A wideband 360° photonic-assisted microwave phase shifter using a polarization modulator and a polarization-maintaining fiber Bragg grating
Author(s) -
Wangzhe Li,
Weifeng Zhang,
Jianping Yao
Publication year - 2012
Publication title -
optics express
Language(s) - English
Resource type - Journals
SCImago Journal Rank - 1.394
H-Index - 271
ISSN - 1094-4087
DOI - 10.1364/oe.20.029838
Subject(s) - optics , fiber bragg grating , phase shift module , physics , polarizer , sideband , polarization (electrochemistry) , phase modulation , photonics , materials science , optical carrier transmission rates , wideband , optoelectronics , birefringence , microwave , optical fiber , phase noise , insertion loss , radio over fiber , chemistry , quantum mechanics
A novel approach to implementing a wideband microwave photonic phase shifter by a joint use of a polarization modulator (PolM) and a polarization-maintaining fiber Bragg grating (PM-FBG) is proposed and experimentally demonstrated. A microwave signal to be phase shifted is applied to the PolM. Two phase-modulated signals along the two principal axes of the PolM are generated and sent to the PM-FBG. The phase-modulated signals have a static but complementary phase shift introduced by the dc bias applied to the PolM. Due to the birefringence of the polarization-maintaining (PM) fiber, the PM-FBG has two spectrally separated and orthogonally polarized reflection bands.

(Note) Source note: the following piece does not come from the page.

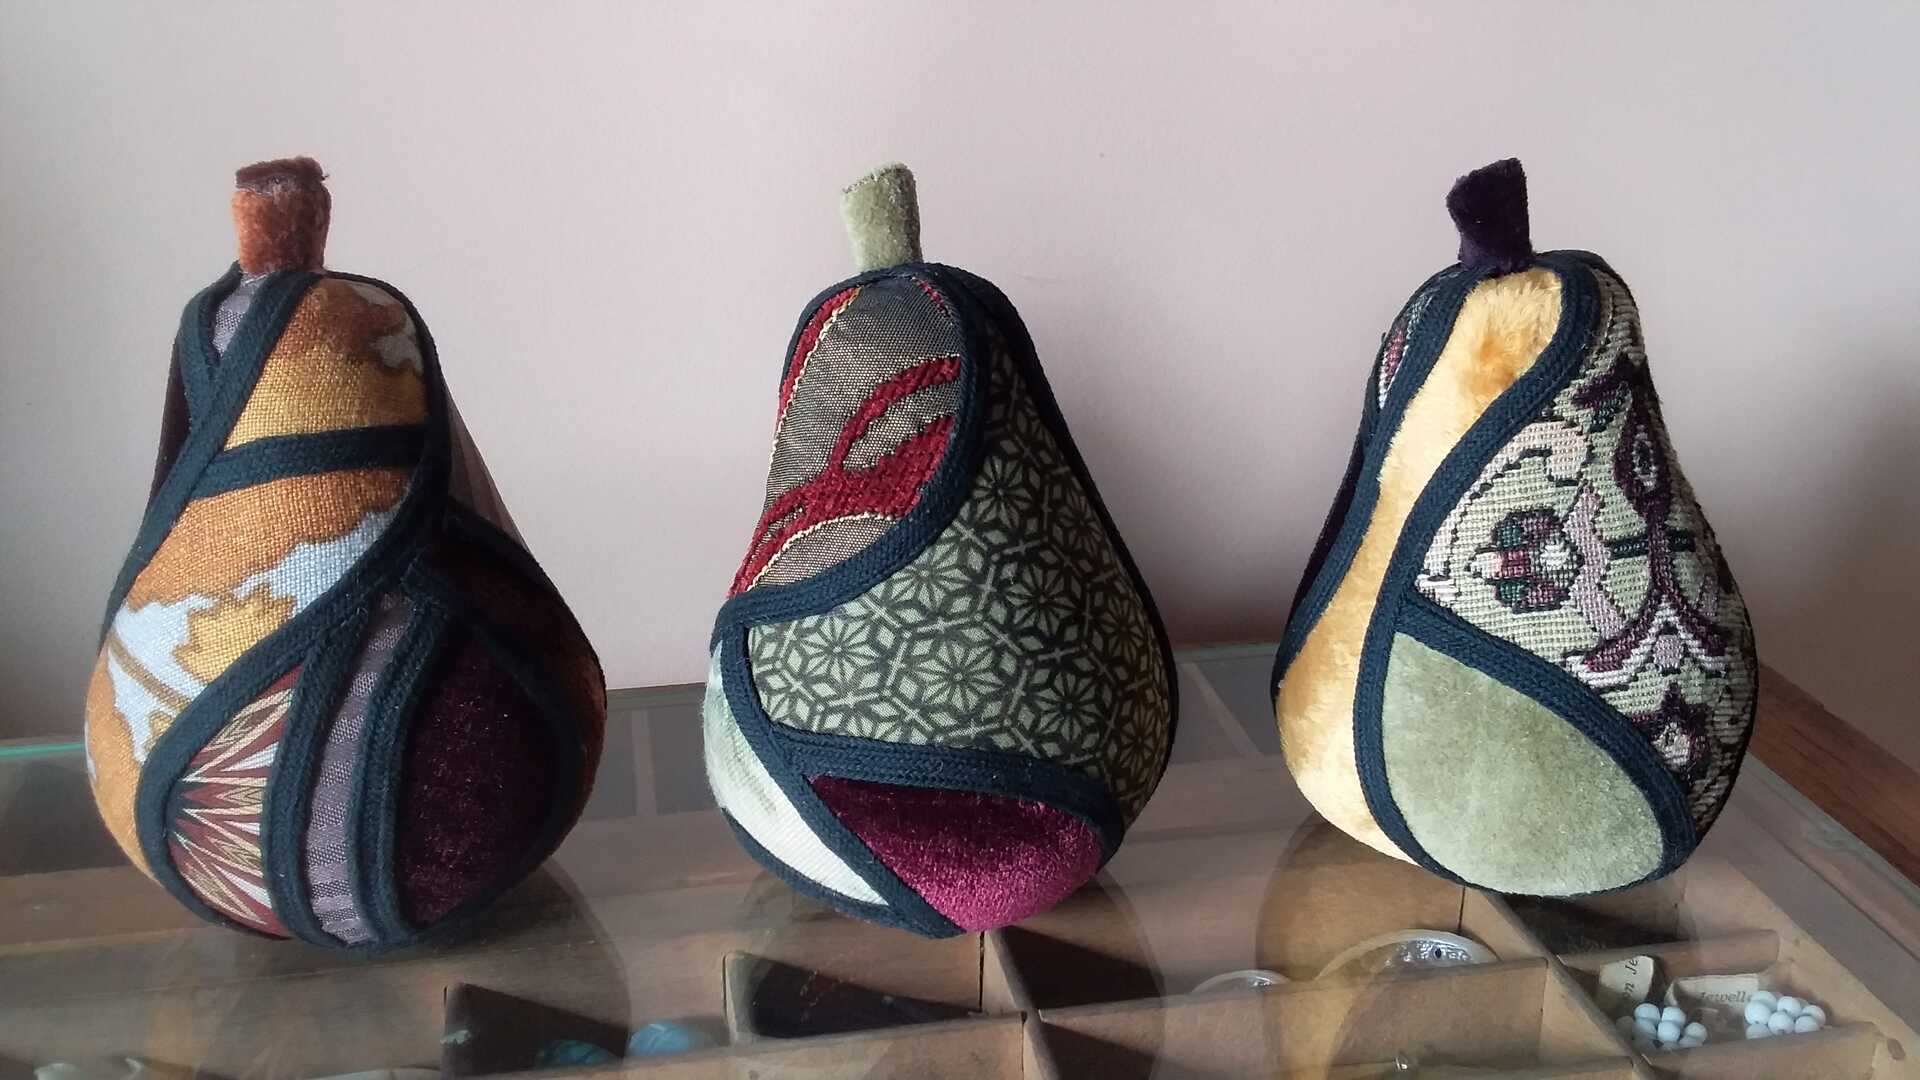 Sculpture 'Enough for Everyone II' by Libby Bloxham. Three pears are covered in swatches of fabric, in shades favouring olive green, orange and red. The fabric covering is segmented into irregular panels with thick black binding, complimenting the contours of the shape.

By employing the PM-FBG to reflect one first-order sideband along one polarization direction and one optical carrier along the other polarization direction, and send them back to the PolM, a second-time phase modulation is imposed to the sideband and the optical carrier. By sending the two signals to a polarizer and beating them at a photodetector, a phase shifted microwave signal is obtained. Since the PolM is used twice, a low dc bias voltage would lead to a large phase shift. A full 360° microwave photonic phase shifter over a frequency range of 30-40 GHz is experimentally demonstrated. The spurious free dynamic range (SFDR) of the phase shifter is also studied.